[Input data]

◆ ◆ ◆ ◆ ◆ ◆ ◆

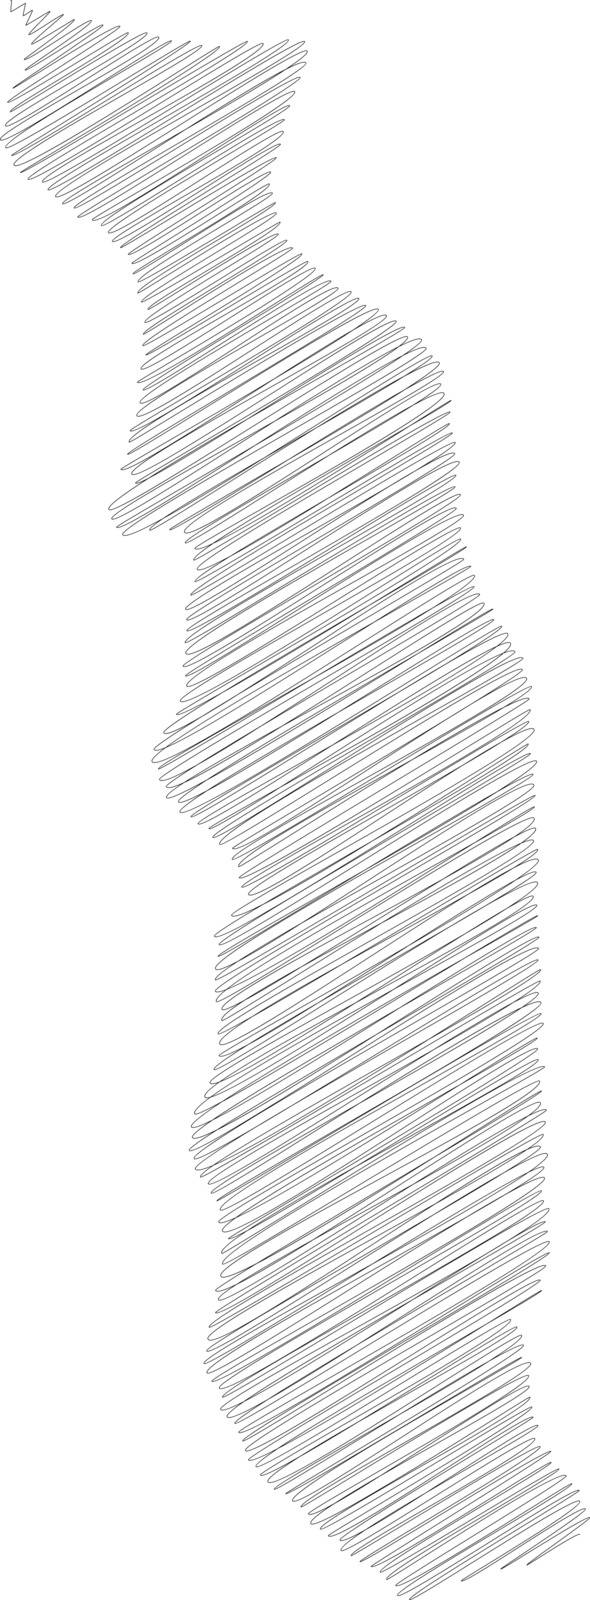 Togo - pencil scribble sketch silhouette map of country area with dropped shadow. Simple flat vector illustration.
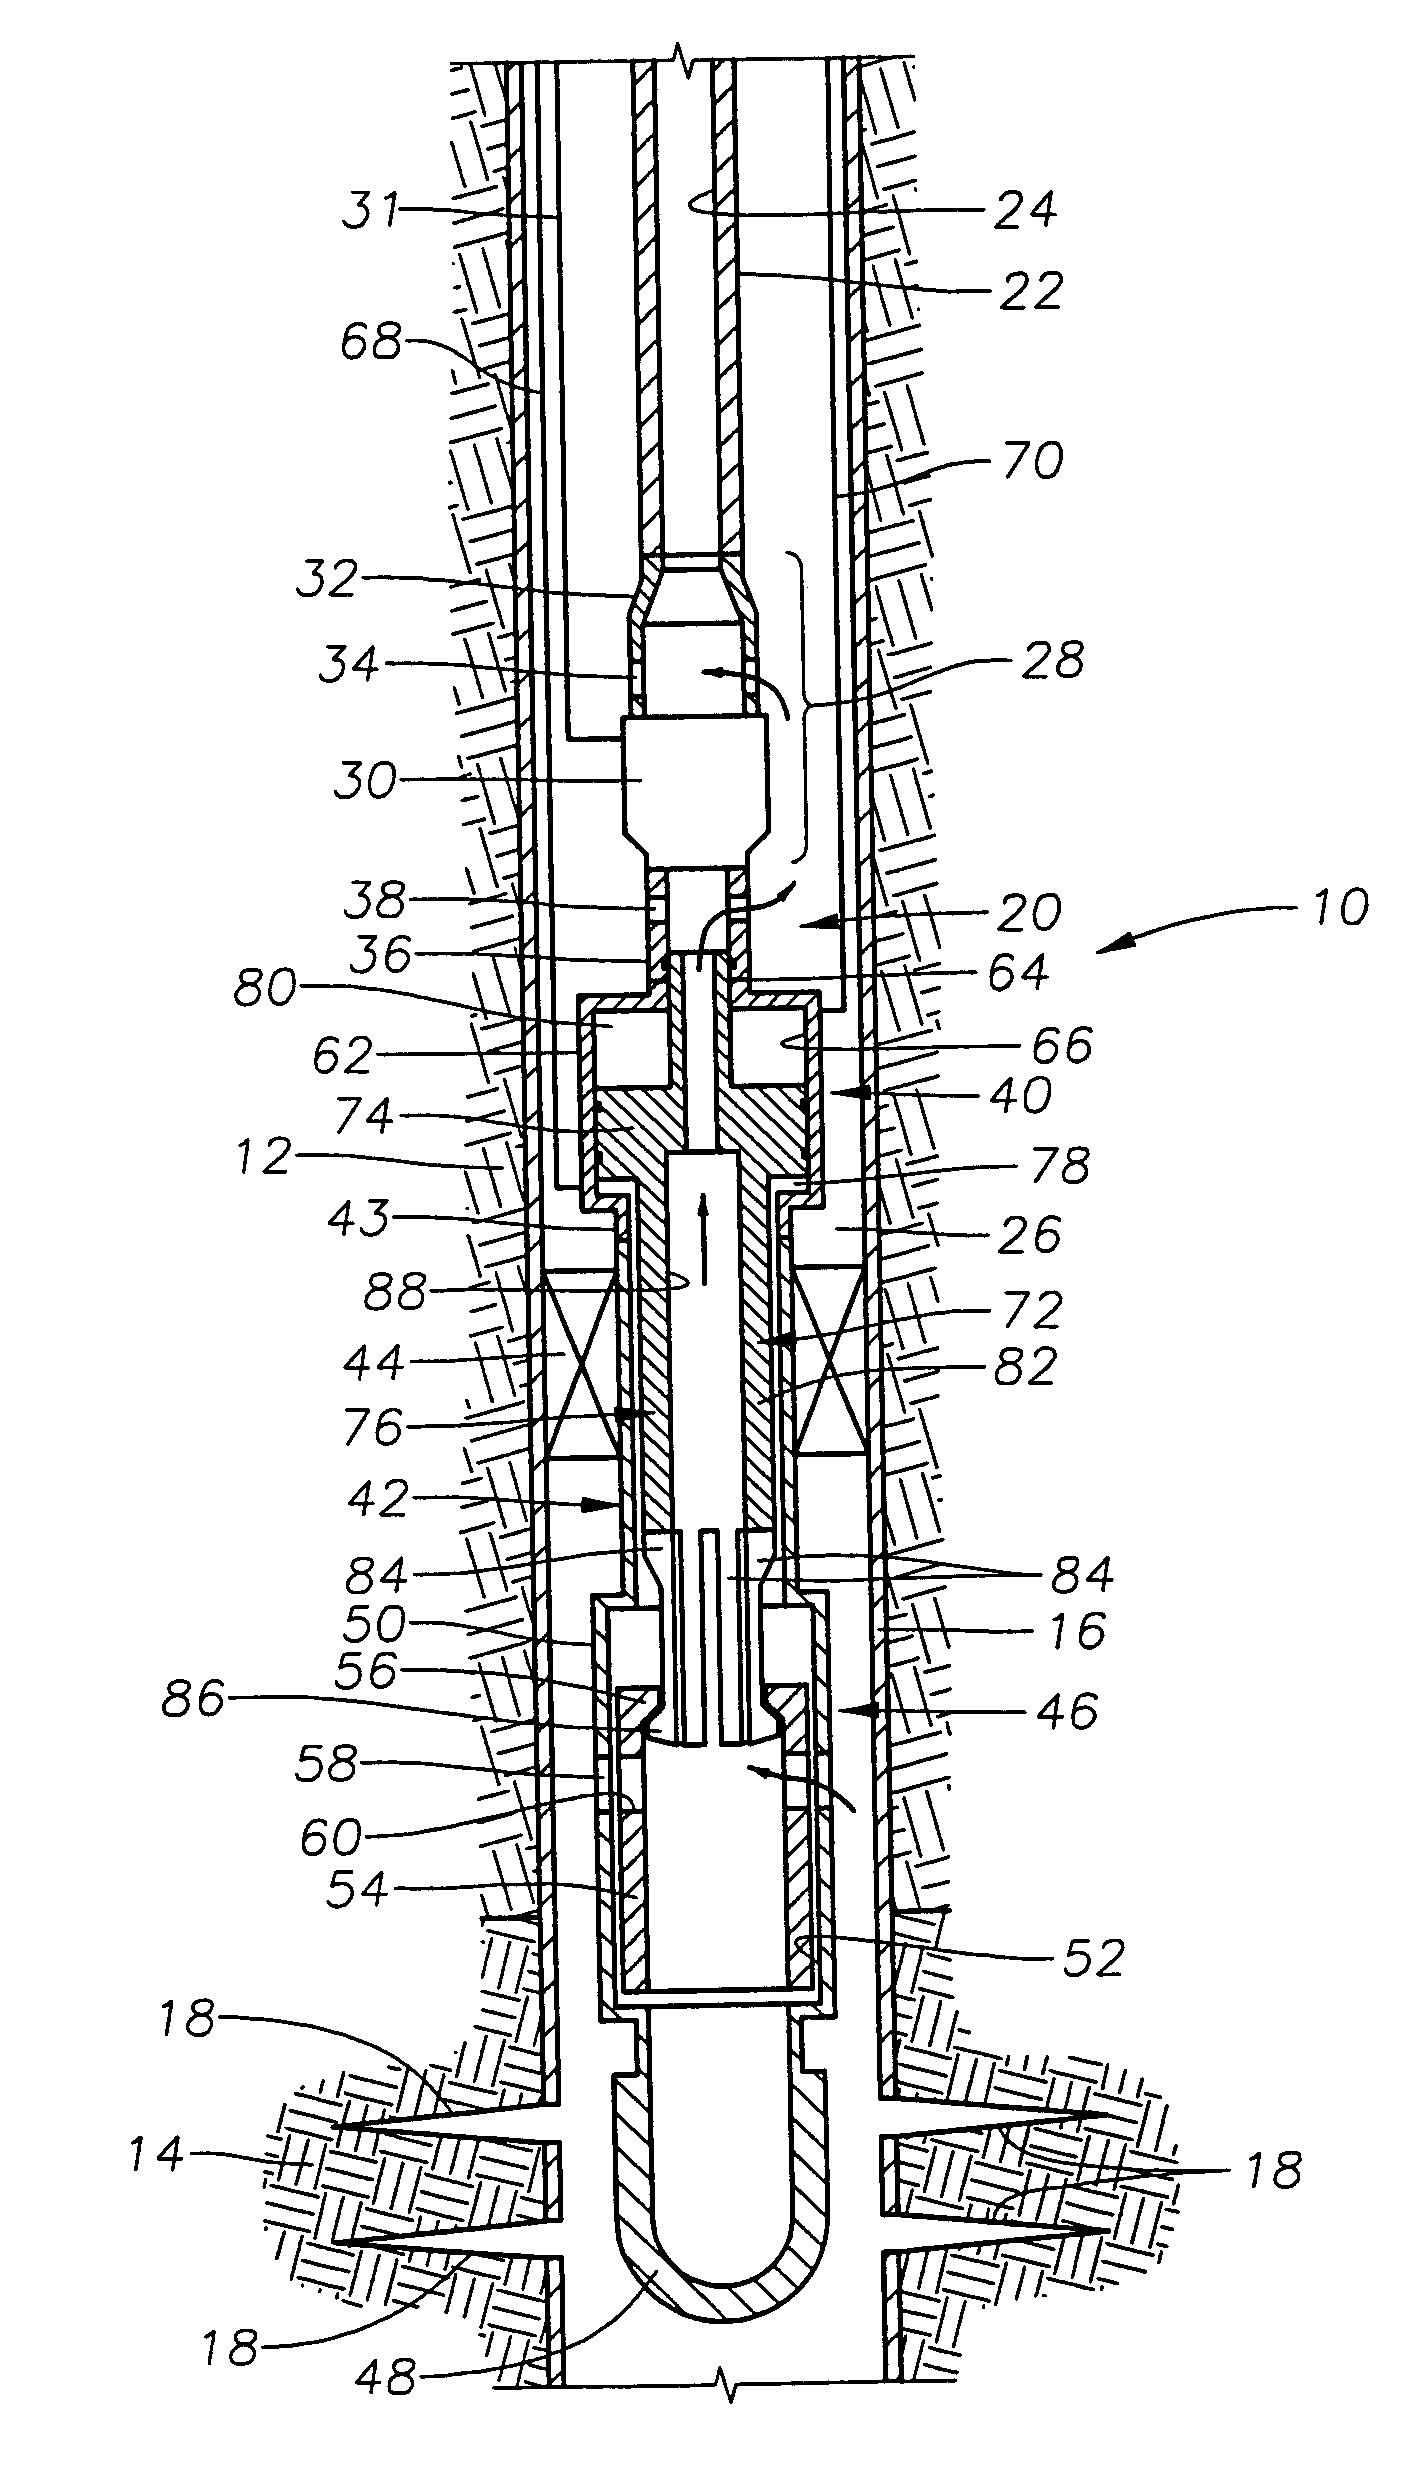 Method and apparatus to isolate a wellbore during pump workover
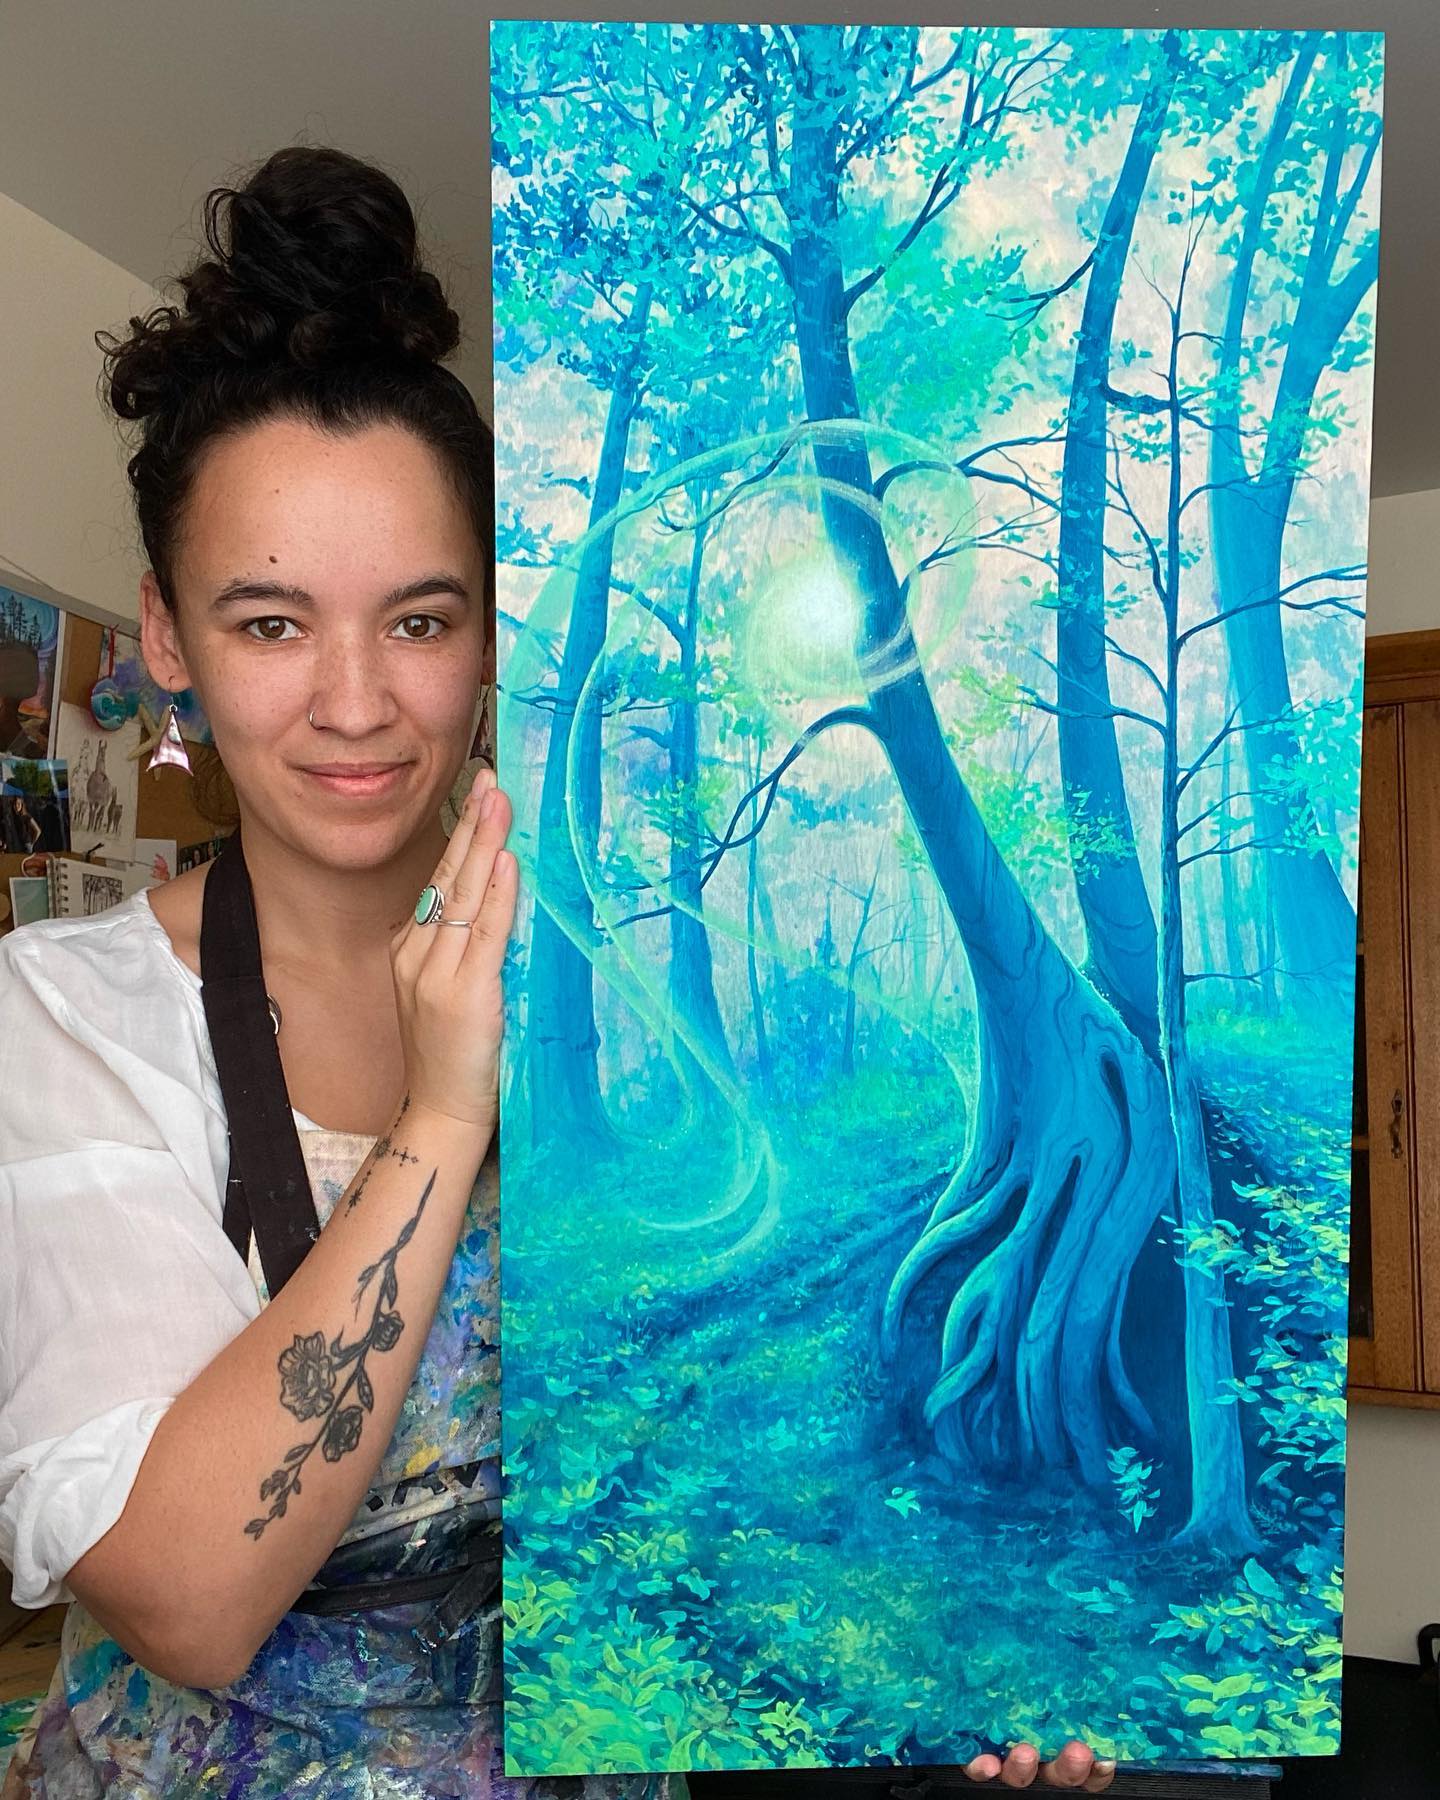 Penny Heather holding a painting titled "Reminiscence". It shows a forest with sun behind the trees, painted in blue and aqua tones in a dreamlike effect.

◆ ◆ ◆ ◆ ◆ ◆ ◆

[Problem statement] Apart from the pictures, restate all of the listing above exactly.

[Response below]
 Togo - pencil scribble sketch silhouette map of country area with dropped shadow. Simple flat vector illustration.
 Method and apparatus to isolate a wellbore during pump workover
 Penny Heather holding a painting titled "Reminiscence". It shows a forest with sun behind the trees, painted in blue and aqua tones in a dreamlike effect.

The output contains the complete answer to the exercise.